Night of Your Life: Shults Plumbs Fear and Fear Itself in Arch Sophomore Effort
Like an art-house M. Night Shyamalan, Shults commands sterling production value and a stellar sense of mise-en-scene, but more aggressive auds won’t find much to sharpen their teeth on with this allegorical wisp masquerading as nightmare fuel.
As a grandfather succumbs to a virulent disease which has disbanded civilization, family man Paul (Joel Edgerton) teaches his son Travis (Kelvin Harrison Jr.) the art of the mercy kill. While his wife Sarah (Carmen Ejogo) isn’t too pleased with her son witnessing any kind of violence, it’s clear Travis is searching for experiences and stimulus beyond the cramped parameters of their home, a cabin lodged deep in the thick of the woods sporting a vibrant red door, which is locked securely every night to avoid the danger of unseen entities lurking in the woods. When Will (Christopher Abbott), a desperate man in search of food for his own family, is trapped by Paul, they decide to invite the man and his kin to join them, assuming more humans means more protection in their abode. But after Will’s wife Kim (Riley Keough) and their young son join the household, communication erodes when the possibility of contamination is apparent.
Just as Shults’ lauded debut Krisha (2015) focused on the perspective of a familial black sheep, empathy is only established with awkward teenager Travis, relegated to peeping tom tendencies as he directly disobeys the established order proscribed by Edgerton’s new age patriarch. The phrase ‘black sheep’ takes on interesting dimension as regards Travis since Shults leaves the historical background of this mixed race family a blank canvas.
It could be simply a matter of casting, but Harrison is much darker than what one would assume to be the biological product of Ejogo and Edgerton, suggesting greater subtexts about assumed familial units imbued with greater survival mechanisms than the homogenous heteronormatives who had the world violently yanked away from them by a suggested onslaught from Mother Nature.
But really, Shults is urging us to come to our own conclusions based on the lack of information regarding the families or the extent of the world’s plunge into disarray. While we can deduce whatever happened isn’t too far in the past based on gasoline, food, and water sources, It Comes at Night arrives at the precipice of when human nature spirals away from civilization and into the abyss of survival mode.

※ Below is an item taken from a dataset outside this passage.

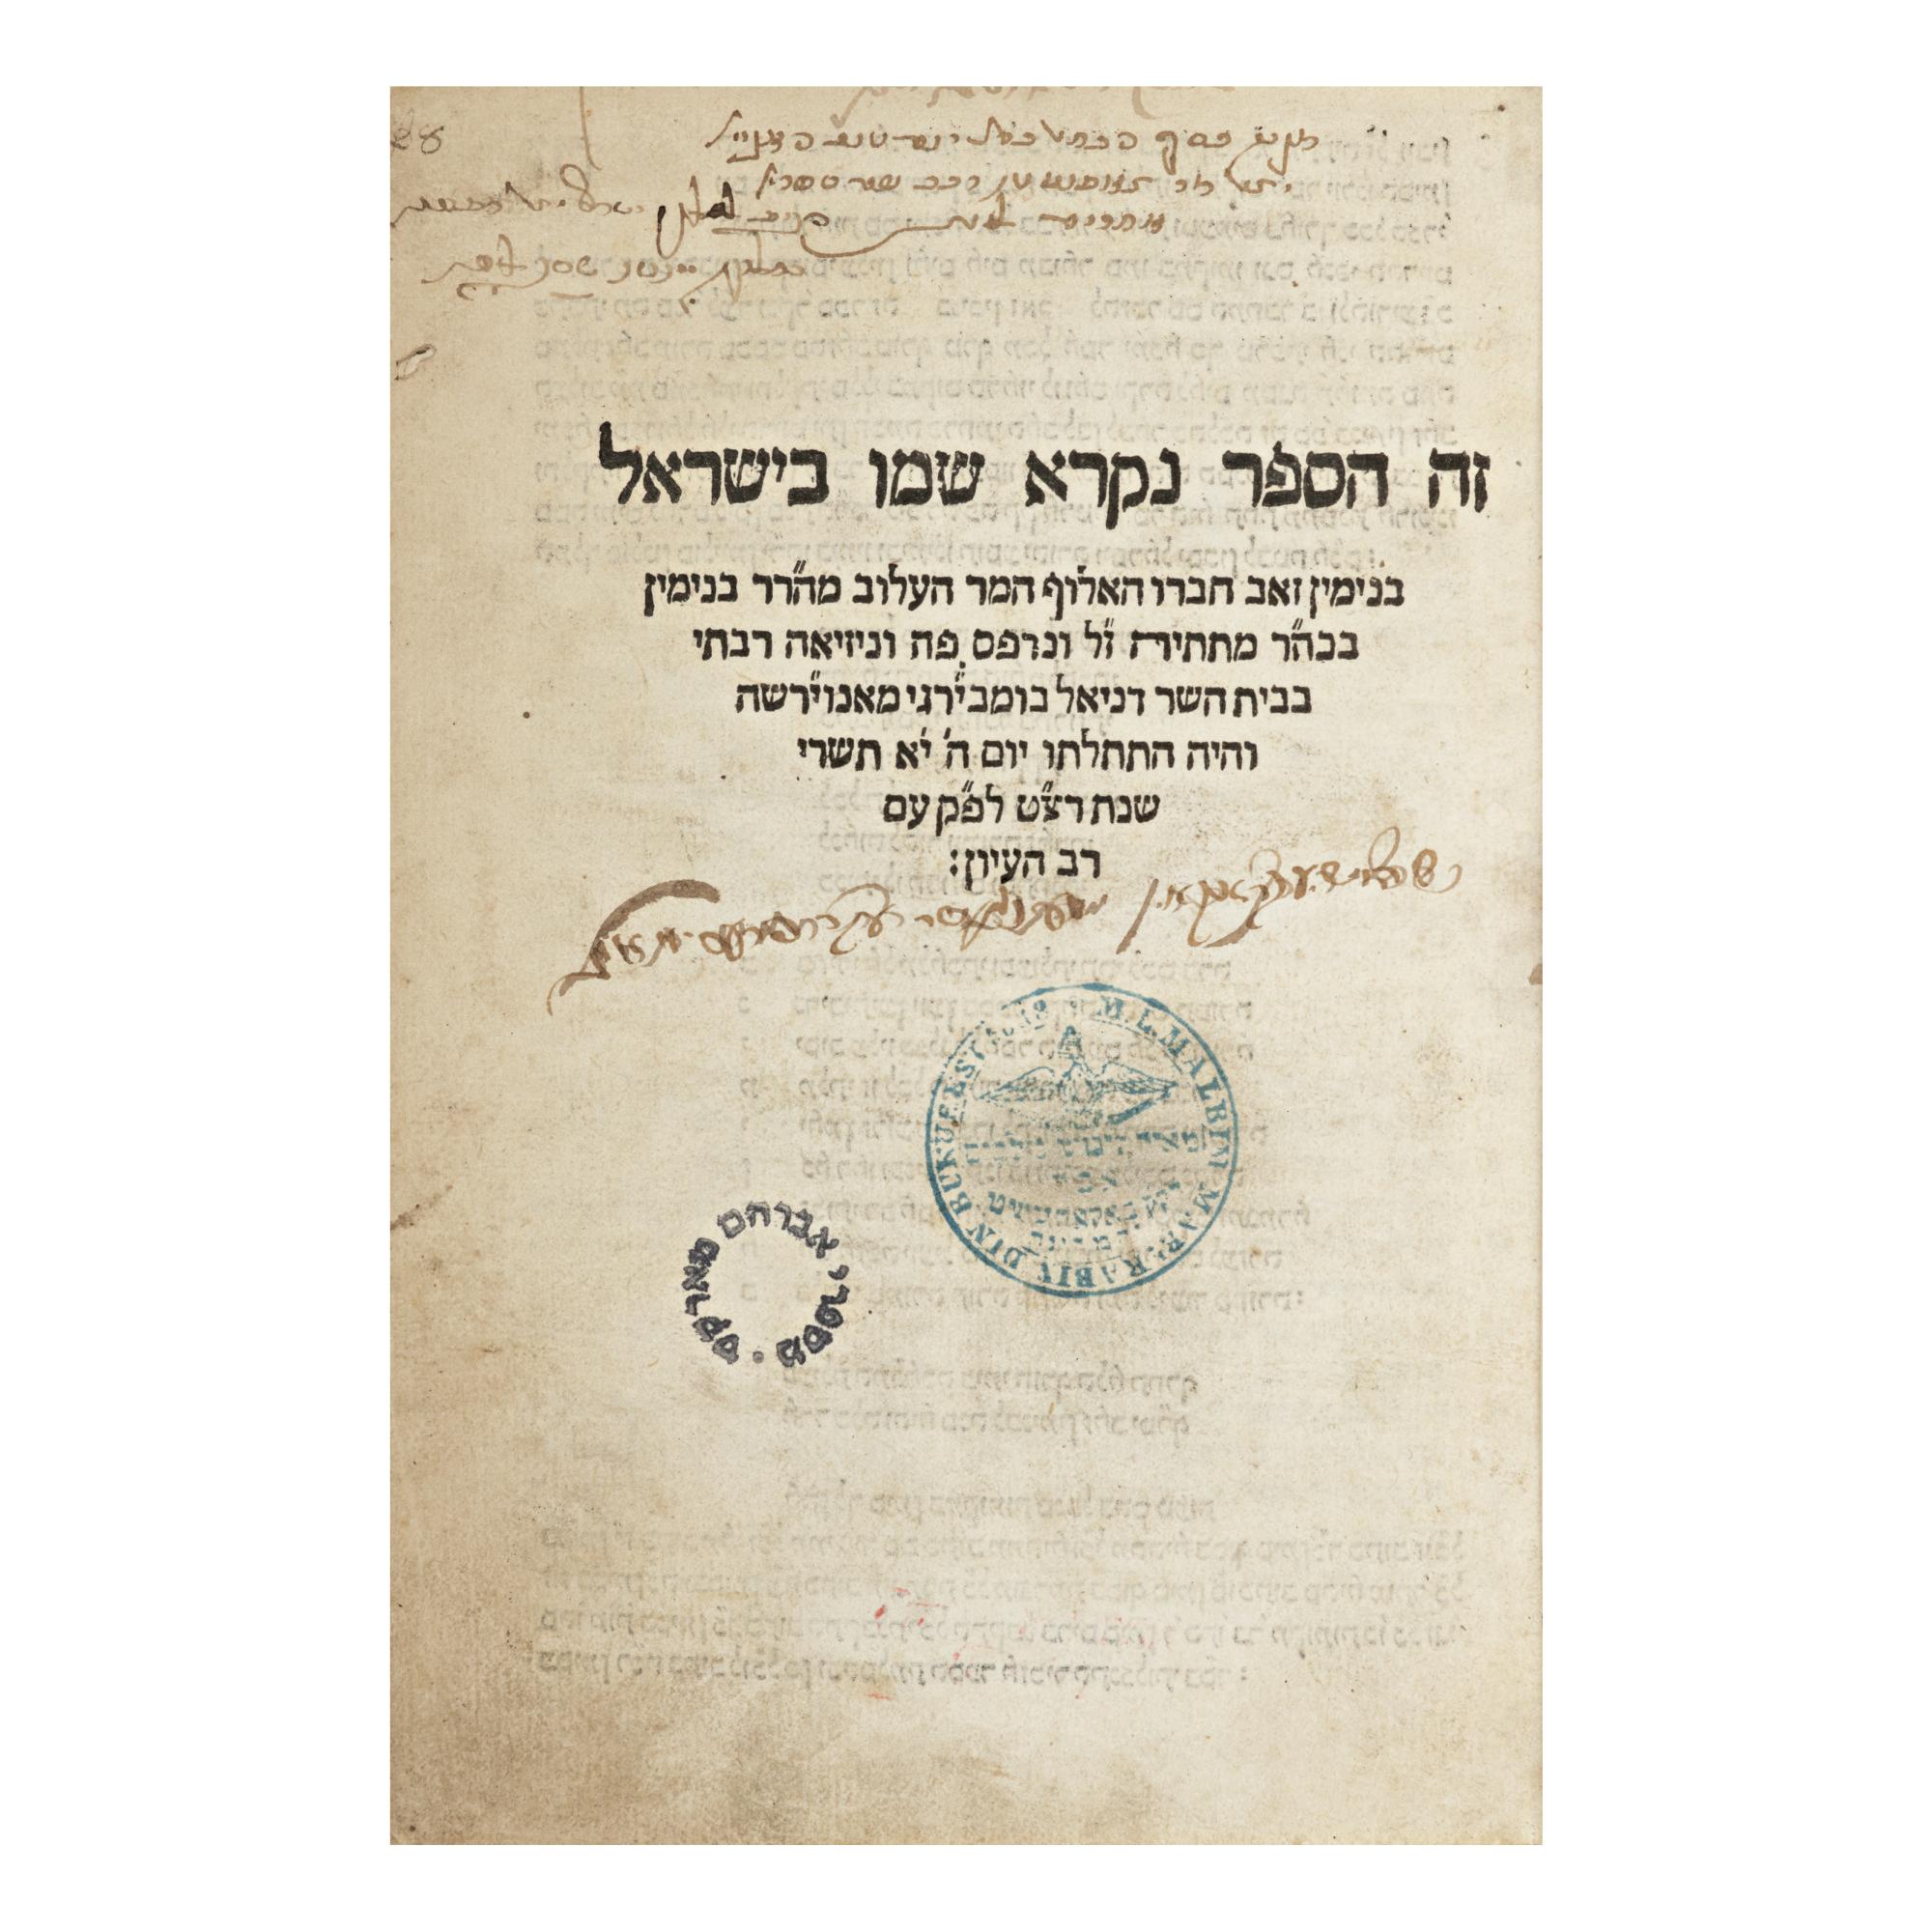 SEFER BINYAMIN ZE'EV (RESPONSA AND LEGAL DECISIONS), RABBI BENJAMIN ZE'EV BEN MATTATHIAS OF ARTA, VENICE: DANIEL BOMBERG, 1538-1539

It doesn’t matter, ultimately, what kind of men Paul or Will happen to be. At the end of day, they are perhaps some of the most pragmatic alums of desperate genre characters with their backs to the wall, which may lend their dilemma a sort of Shakespearean twang of fate—the disease, which the film confirms for us to be real, is not dramatic catalyst. Instead, it is one man’s belief that his family and their survival in a brave new world is of such utmost importance he can’t or won’t allow empathy or humanity guide his hand.
Shults’ film bears striking similarity to Daniel Castro Zimbron’s The Darkness (2016), a Mexican/French co-production which stars Brontis Jodorowsky as a menacing father who keeps his children locked in a cabin in the woods as they hide from a monster keen on terrorizing them. Although earmarked with hoary, clichéd twists, it’s as obvious a study on man as his own worst enemy in contentious struggles with the fear itself as Shults’ is obscure.
If It Comes at Night does manage to touch on man’s heart of darkness, however, it does so with such oblique flourishes we don’t care in which way for the survival of either clan. Even during Riley Keough’s howls of rage at the height of the film’s violence, there’s a hollow precision to this beautifully filmed but otherwise empty flicker of pain. These are characters as diminished as the shadows on the cave wall and it’s up to its audience to glean a sense of profundity, if indeed there’s any to be had.